Chester Allan Poage (July 4, 1980 – March 13, 2000) was an American man who was kidnapped, tortured, and murdered by three men in Spearfish, South Dakota, on March 13, 2000. Elijah Page, Briley Piper, and Darrell Hoadley were convicted of the torture and murder of Poage. Page and Piper were sentenced to death, while Hoadley was sentenced to life in prison. Page was executed by lethal injection on July 11, 2007, becoming the first person to be executed in South Dakota since 1947. Piper remains on death row, and is the only person left on death row in South Dakota.

Background
Chester Allan Poage was born on July 4, 1980, in Norton County, Kansas. He grew up on a farm just outside Norton, but moved with his family to Rapid City, South Dakota in 1994. In 1996, his father committed suicide, just days after his parents had filed for divorce. The family moved back to Norton, but later moved to Spearfish, South Dakota while Poage was at college. Prior to his death, Poage was attending Northwest Kansas Technical School, and was a half-year from graduating in communications technology.

Murder
On the evening of March 12, 2000, Page, Piper, and Hoadley met up with Poage at his family home in Spearfish. The four of them were friends, and had met up to play video games together. Poage's mother and sister were in Florida on vacation at the time, meaning that the house was empty. Later on, the four of them left the house, and drove in Poage's Chevrolet Blazer to the house where Page, Piper, and Hoadley were staying. Once inside, Page produced a .22 caliber pistol, which he had stolen from Poage's home, and ordered Poage to get on the floor. The three men planned to rob Poage's family home, and did not want a witness to the crime. As Poage lay on the floor, he was kicked repeatedly by Piper until he was unconscious. He was then tied up with a cord and placed in a chair. Piper put a tire iron across Poage's feet to prevent him from moving. When Poage regained consciousness, he pleaded with his attackers to let him go, but they refused. Instead, he was forced to drink beer containing crushed pills and hydrochloric acid. His ATM card was then taken from him by Page. The perpetrators then discussed their plan to murder Poage while they stood in front of him.

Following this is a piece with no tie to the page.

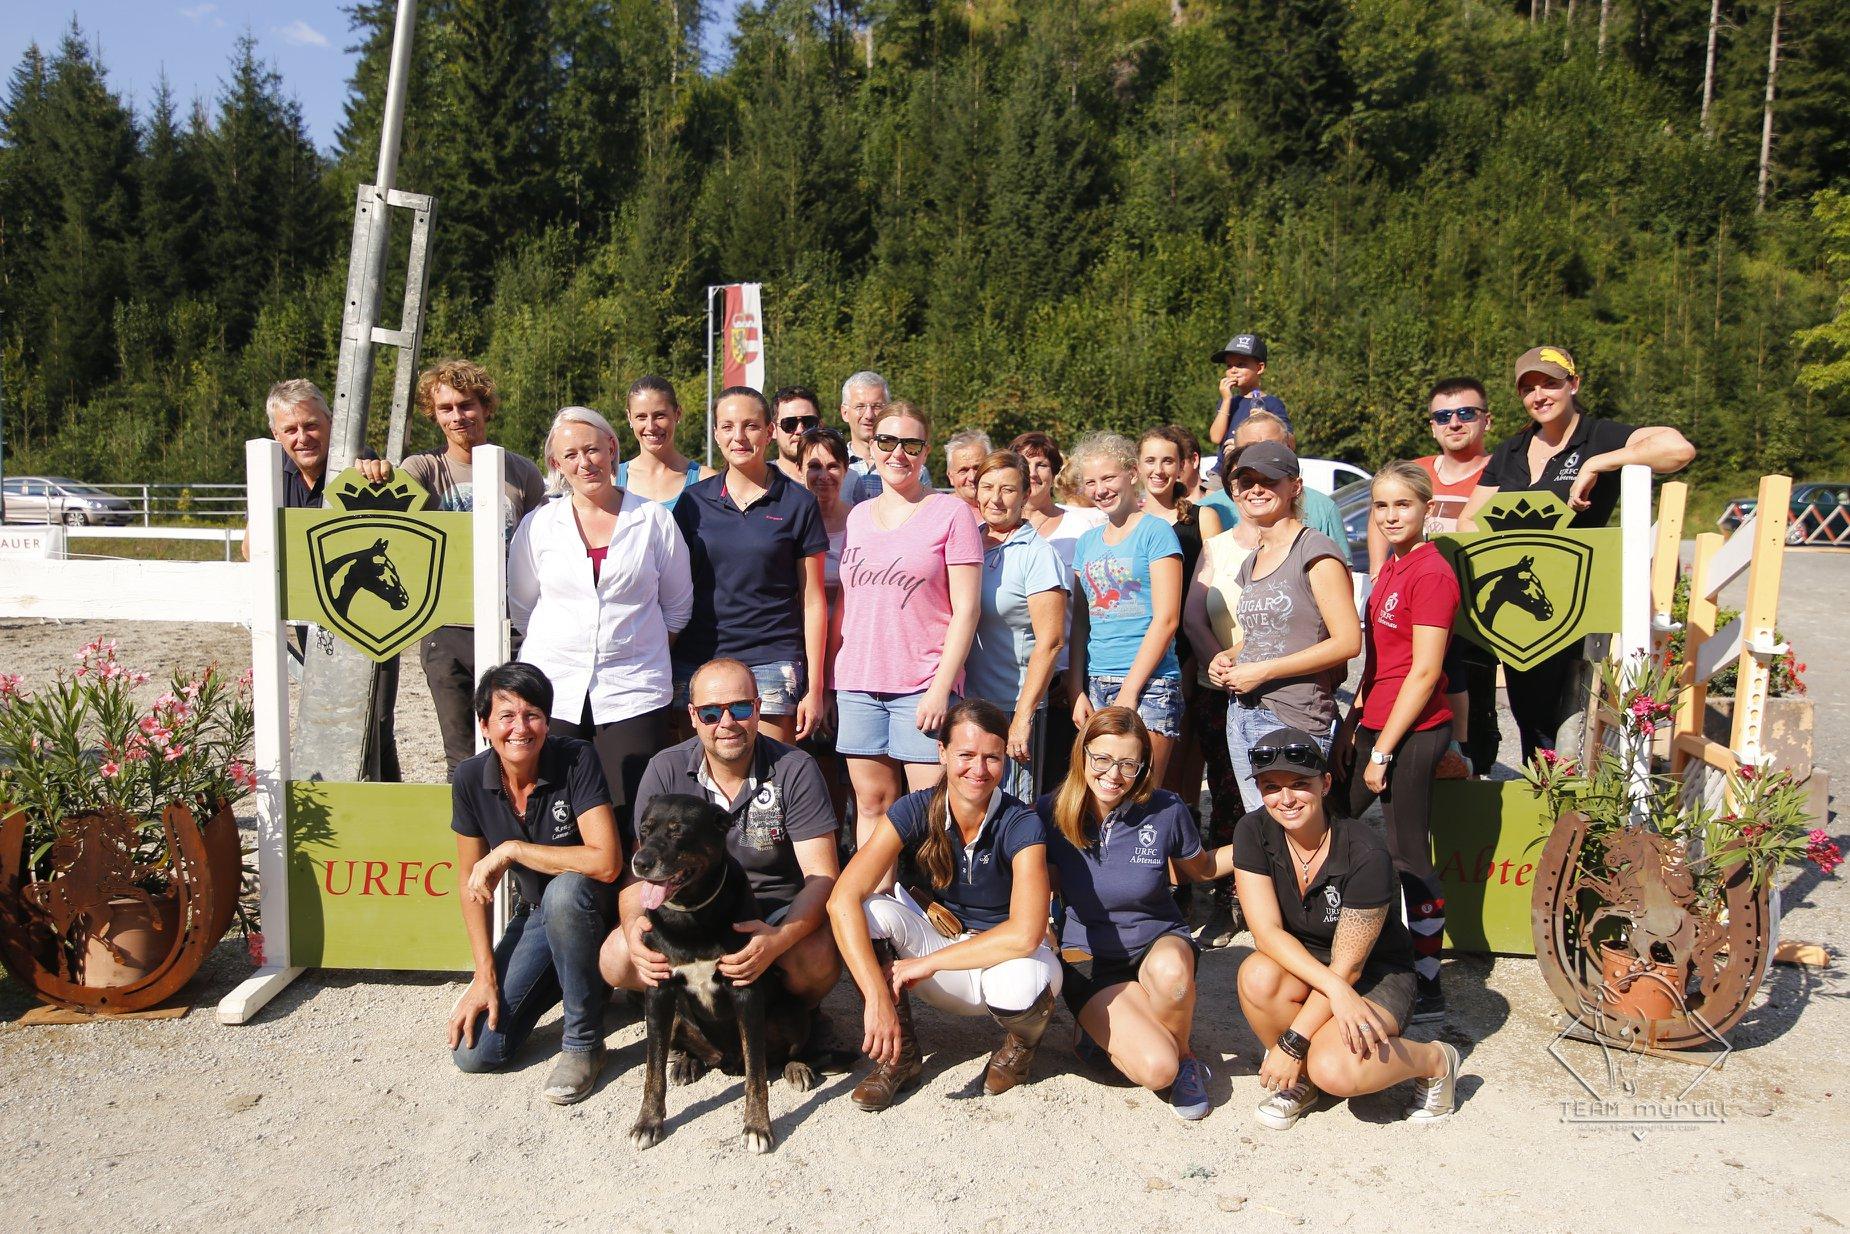 Mitglieder des URFC Abtenau beim CDN-C Abtenau im August 2018

Poage was forced into his own vehicle, and was driven approximately seven miles to Higgins Gulch, a remote wooded area in the Black Hills. He was ordered out of the vehicle and pushed into thick snow. He was stripped naked, apart from his undershirt, shoes, and socks. Poage was then escorted downhill toward a small icy creek. During the walk, he was beaten repeatedly until he was forced to lie down in the creek, where he was attacked again. As Poage lay in the creek, he was stabbed in the neck by Page with a knife. The three men then decided it was time to kill him. Poage requested to be let into his vehicle so he could warm himself up. He said he preferred to bleed to death in the warmth, rather than freezing to death in the cold. Piper agreed to the request if he washed blood off his body first. As Poage washed himself, Piper changed his mind, and Poage was violently dragged back into the creek by the three men as they attempted to drown him. Poage was then finally killed by having rocks thrown at his head. Page later stated that he and Hoadley ended Poage's life by dropping several large rocks on his head. Piper's brief contends that he did not take part in the drowning attempt or stabbings. Piper argues that he had returned to Poage's vehicle as he was being killed. According to Piper, Hoadley was the one that threw the final rock which killed Poage, but at that point in time, Piper was not there to personally witness the murder. However, Piper allegedly admitted standing on Poage's neck to assist Hoadley in drowning him, and then reportedly stabbed Poage twice. Both Page and Hoadley admitted that they both dropped heavy rocks on Poage's head, actions which they believe are what finally killed him. Hours after the beatings first began, Poage was left for dead in the creek in the early hours of March 13. The men killed him because they did not want a witness to the robbery of his home.

Aftermath
Page, Piper, and Hoadley drove away from the scene in Poage's vehicle. They returned to his house and stole several items from the family home. Page claimed Poage's vehicle, as well as a stereo system and some clothes. The men then drove to visit Piper's sister in Hannibal, Missouri, hoping they could stay with her for a while. She refused to let them stay with her, so they headed back to South Dakota. They traveled to Rapid City, where they used Poage's ATM card to withdraw cash, and also sold some of his property. The three men then split up and went their separate ways, with Piper deciding to return to his home state of Alaska.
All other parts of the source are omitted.